Undiagnosed Teenager
Joined
Dec 30, 2011
Messages
417
Location
England
I really want my life back.

I am learning to seperate my life and me from the illness. It's just occasionally like today that I can't and I get upset because the pain just gets too much and I am hurting too much.

It's frustrating. No one knows what is wrong and no one knows how to help.

I'm only young once. My childhood was taken away from bullying, then a year of my life from the assault. I'm over all of it now, but now the illness is taking over my life.

I've stopped talking to people about being ill because my friends and my friends. Me in bed with my hot water bottle is me being ill.
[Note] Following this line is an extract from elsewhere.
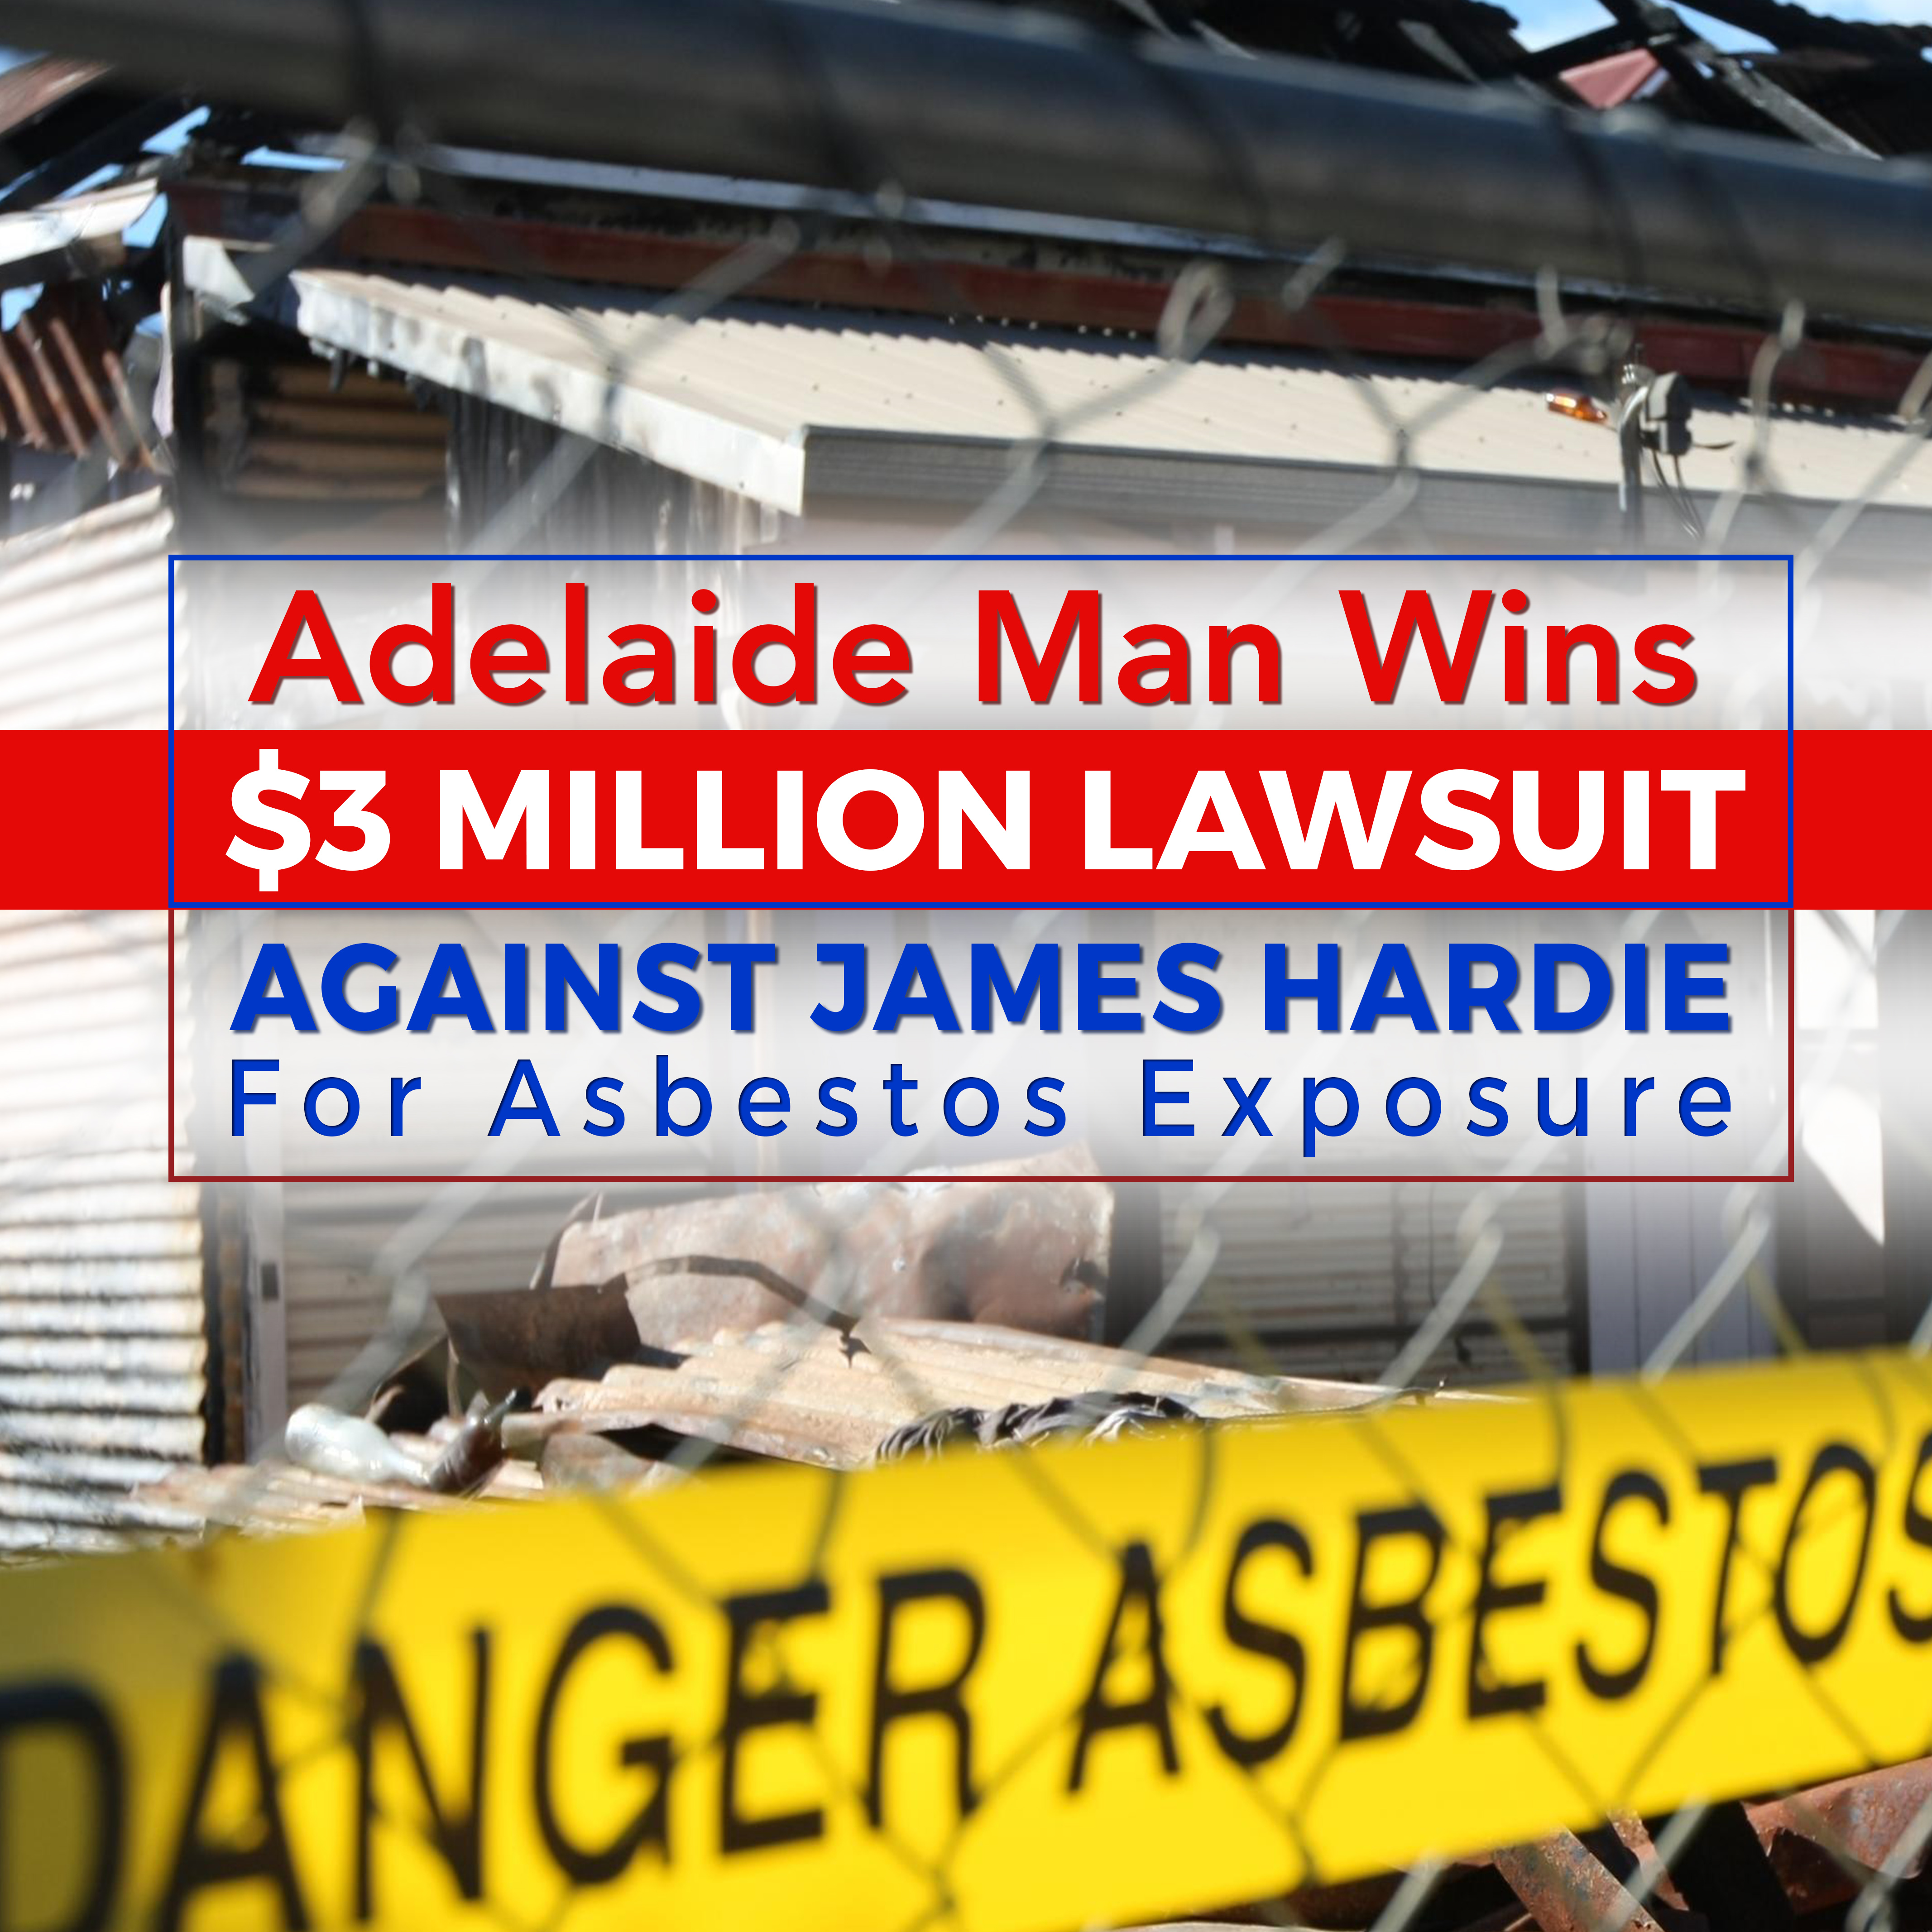 Adelaide Man Wins $3 Million Lawsuit Against James Hardie for Asbestos Exposure

I know none of you know me or can see me, but i've been doing really well this week. It's sucked with the pain and i've tried soo hard and i've been happy and trying to do things, but today the pain got too much and i'm having a bad day today.

I will get through this and I will get diagnosed, but days like today I get scared. What if I don't get diagnosed? It's been 4 years and I don't even have the common symptoms of crohns.. or any illness. I'm a freak. I don't have IBS either.

What if I literally do spend the rest of my life like this? I've tried changing my life around and doing everything the professionals tell me and nothing is working.

I feel like this is a wasted life. I have so many plans and things I want to do with my life and I can't wait to do as much of it as I can.

One website says ____ are the symptoms of crohns, whilst another site says ____ are the symptoms. I'm so confused.

Why won't the hospital take me seriously either? 3/4 of my dads side of the family have crohns. Surely you'd take me more seriously if it runs in my family?

I'm in too much pain today and have been. I haven't had a break from the pain and I hate this.

I don't even understand why my legs ache.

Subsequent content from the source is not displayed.